6.11. Grinding

Grinding is a metal cutting process carried out with abrasive grains, which are bonded by special materials. Usually grinding tool has a shape of a disk; sometimes it has a shape of a cone, a bar and so on.

The abrasive cutting has peculiarities:

- grains have negative top rake angle  (Fig. 6.23);

- the cutting speed is very high (v>30 m/sec ); the rotary speed of wheels is limited by strength of wheel bond;

- the grinding wheel is similar in action to multi-tooth milling cutter; it presents about 300 million cutting edges to a workpiece in 1 minute; grains break off periodically to present new cutting edges; bond wears away faster than grains, it allows to expose new grain for cutting; grinding wheel produces a chip just like any other cutting tool, but it is dust-fine chip, being visible only under a microscope;

- these chips are given in the form of sparks because of their high temperature.

Corundum A1₂O₃, silica carbide SiC, boron carbide B₄C and diamond C are used as abrasive materials. According to their sizes the distinction is made between:

- grains, which have sizes from 2.00 to 0.16 mm;

- powders, which have sizes from 0.12 to 0.03 mm;

- micropowders, which have sizes from 0.04 to 0.005 mm.

Fig. 6.23. Cutting by grinding tool: 1 – abrasive grain; 2 – bond (matrix); 3 – pore; 4 – blank

Fireclay, water glass, quartzite (non-organic substances) and bakelite, rubber, phenol-formaldehyde resins (organic substances) and other substances are used as a bond.

A distinguishing feature of grinding machines is a rotative abrasive tool. This group of machines is employed chiefly in finish machining operations accomplished by removing layers of metal from the work surface with an accuracy that may reach tenths of a micron and producing a very high class of surface finish.

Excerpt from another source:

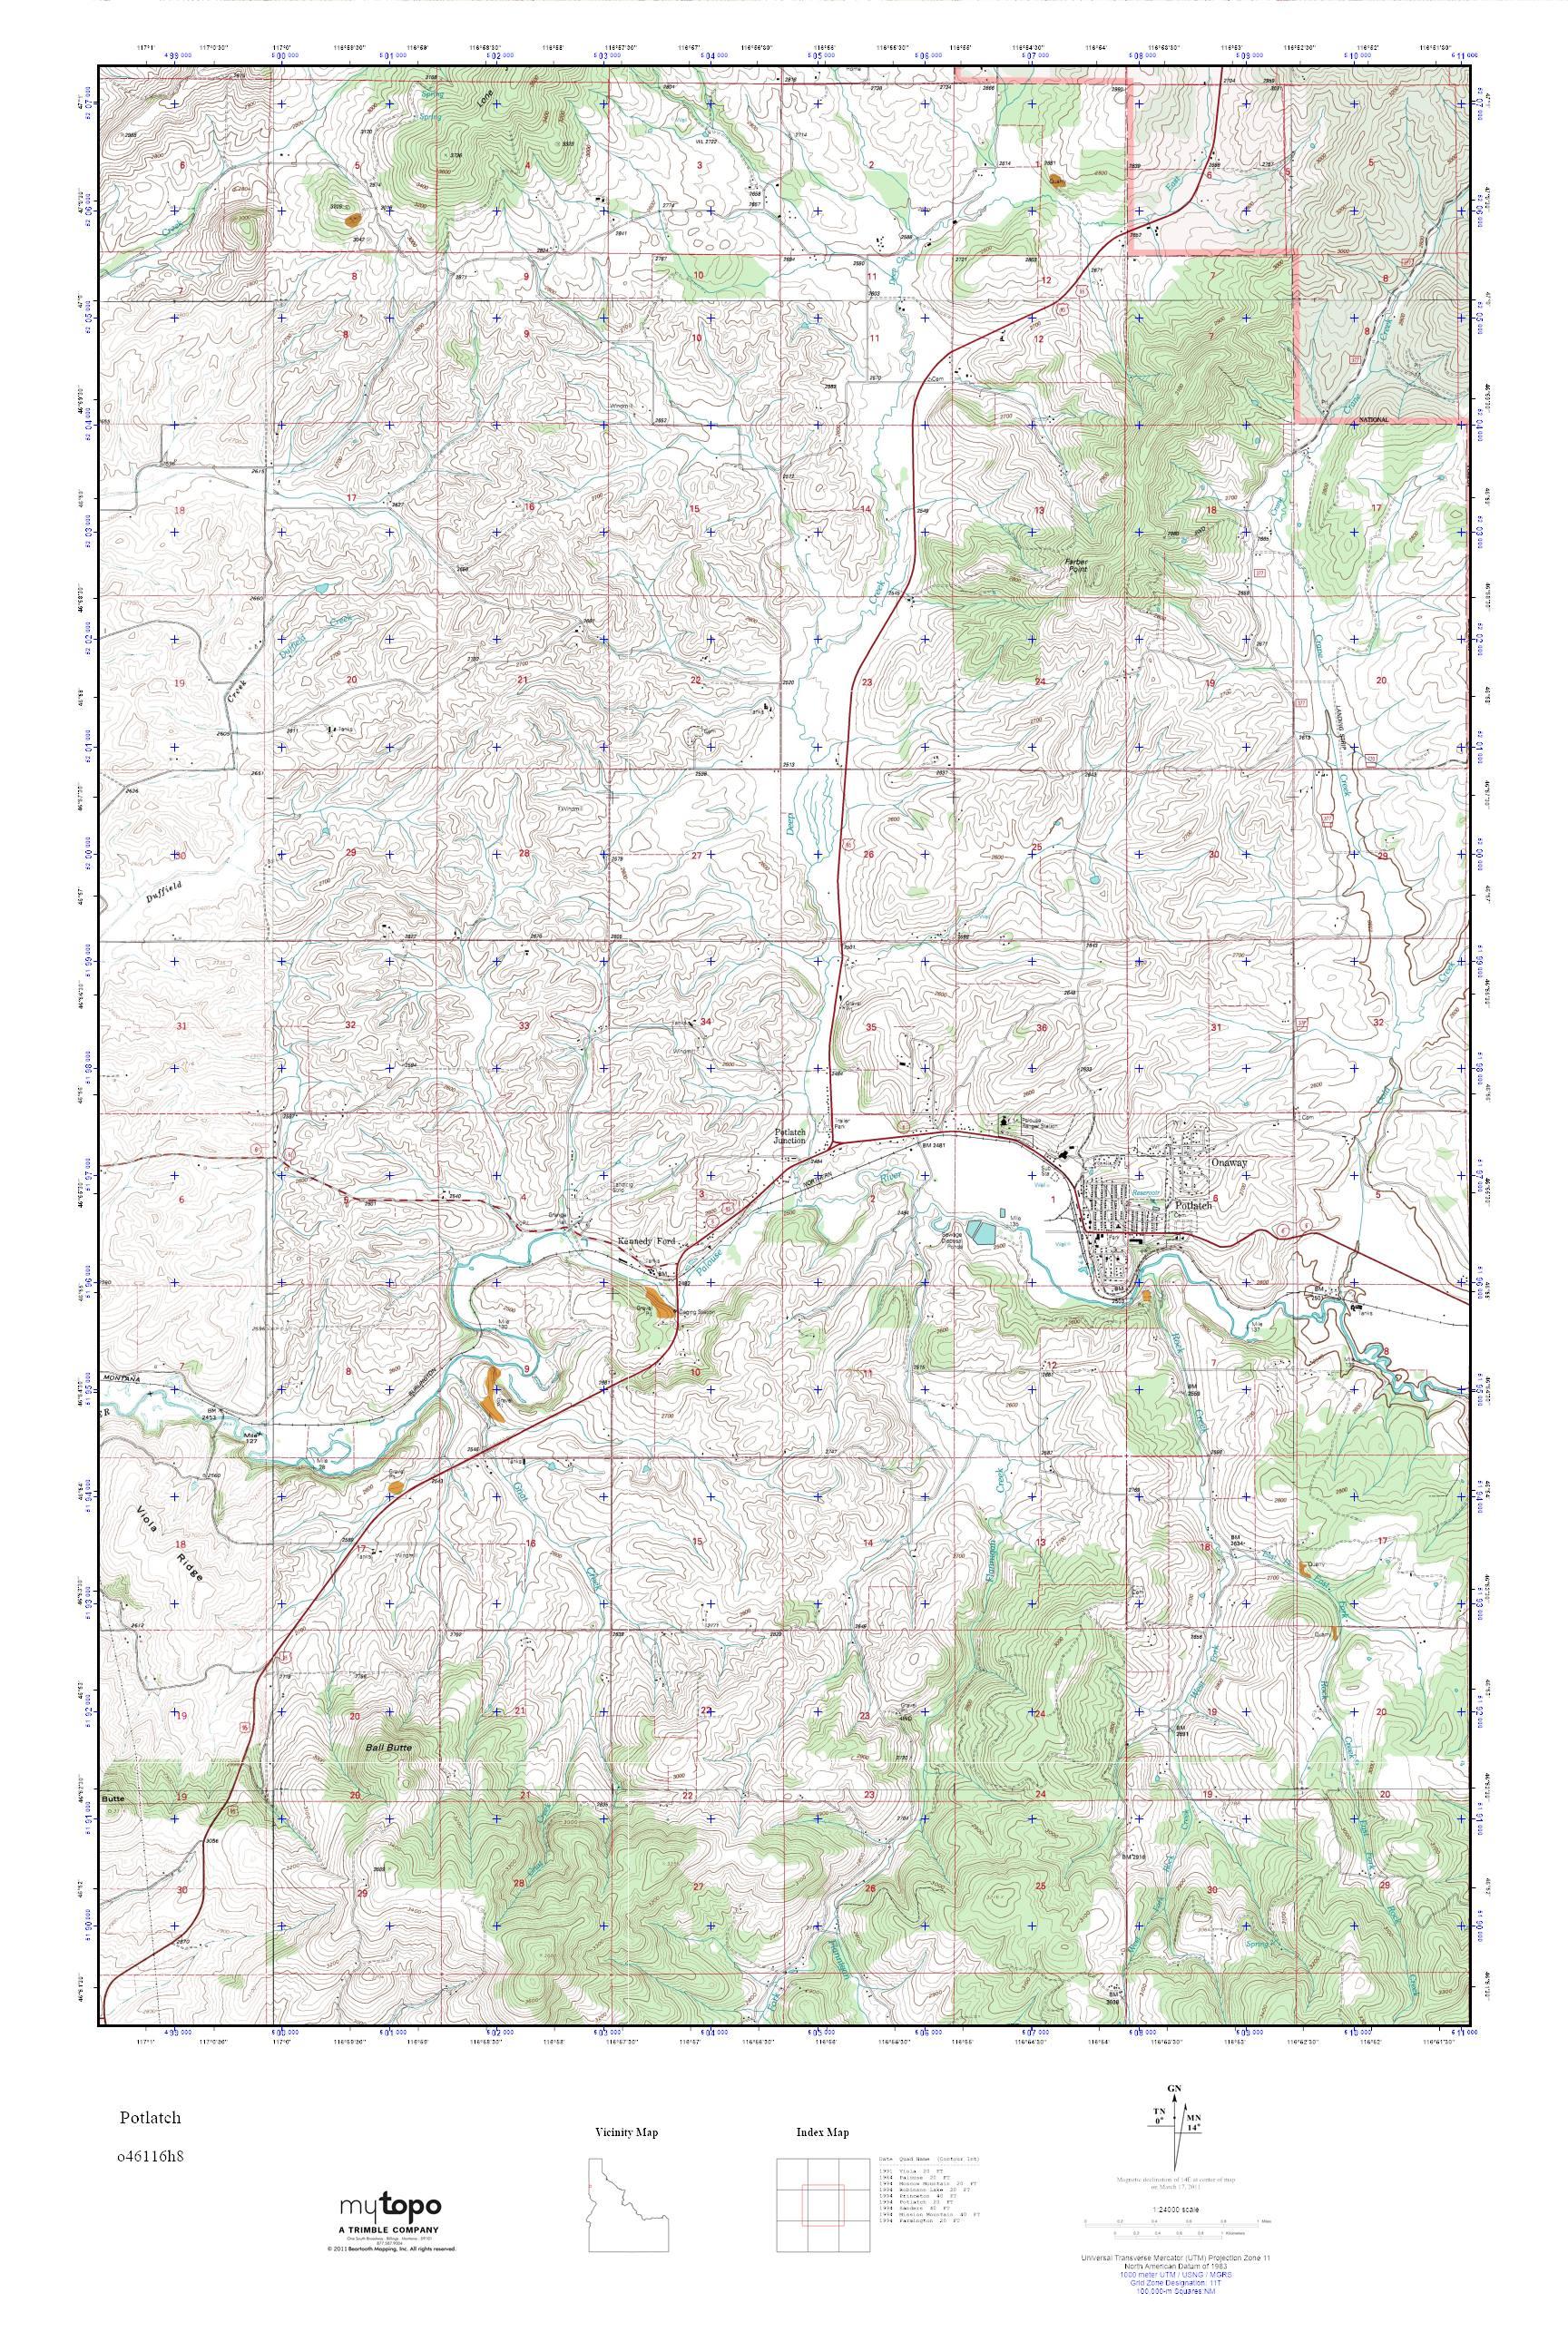 Potlatch Idaho Map.Mytopo Potlatch Idaho Usgs Quad Topo Map

Grinding machines handle workpieces that have been previously machined, in the most cases, in other types of machine tools, leaving a small grinding allowance of magnitude depending upon the required class of accuracy, size of the work and the proceeding machining operations to which it has been subjected.

Operations efficiently performed by grinding machine include:

- roughing and cutting off blanks;

- precise machining of flat surfaces, surfaces of revolution, profiles of gear teeth, thread and other helical surfaces, contoured surfaces, etc.;

- sharpening of all types of cutting tools.

Cylindrical grinding machines (Fig. 6.24 a, b, c) are intended for grinding external cylindrical and tapered surfaces. The primary cutting motion is a grinding wheel rotation V_d. The auxiliary cutting motion is a workpiece rotation V_d. The longitudinal feed motion S_L is a work motion and infeed traverse motion S_t is the periodic crosswise tool motion D is diameter of a workpiece, t is thickness of removed metal.

Internal grinding machines are intended for grinding cylindrical (Fig.6.24d) and tapered holes. The end faces of the workpiece are usually ground in these machines as well.

In addition to the primary cutting motion of the grinding wheel rotation V_w internal grinders of the chucking type have the following working motions:

- work revolution V_p;

- longitudinal motion (the reciprocating motion of the work or grinding wheel) S_L;

- set-up - infeed motion ( the periodic crosswise motion of the wheel (wheel head) S_t.

In the planetary-type internal grinders (Fig. 6.24e), designed for finishing holes in workpieces of irregular shape, or large heavy workpieces, work rotation is replaced by rotation of the axis of grinding wheel in a circle about the axis of the hole being ground V_w.p.. The longitudinal motion S_L is obtained by reciprocation of either the grinding wheel or work table, on which the work is clamped.

Fig. 6.24. Basic grinding operations: a, b, c, i – grinding of external cylindrical and tapered surfaces;

d, e – grinding of internal surfaces; f, g, h, j – grinding of flat surfaces; 1, 2 – abrasive disks;

3 – support (blade)

Today the most widely used types of surface grinders at the present time are the following: horizontal-spindle reciprocating-table grinders (Fig. 6.24f); vertical-spindle reciprocating-table grinders (Fig. 6.24g); horizontal-spindle rotary-table grinders (Fig. 6.24h); vertical-spindle rotary-table grinders (Fig. 6.24j).

In respect to the kind of surface they can grind, centreless grinders are classified as external (Fig. 6.24i) and internal centreless grinders. Workpiece is supported in the external centreless grinder on work-rest blade 3 and between grinding wheel 1 and regulating wheel 2. The grinding wheel rotates at a peripheral speed of 30 to 40 m per second and removes the grinding allowance from the work-piece. The regulating wheel rotates at a peripheral speed of 10 to 50 m per minute. It imparts both rotation and axial motion to the workpiece.

In the internal centreless grinder a work-piece is rotated between support roll, pressure roll and regulating roll, and is grounded by grinding wheel.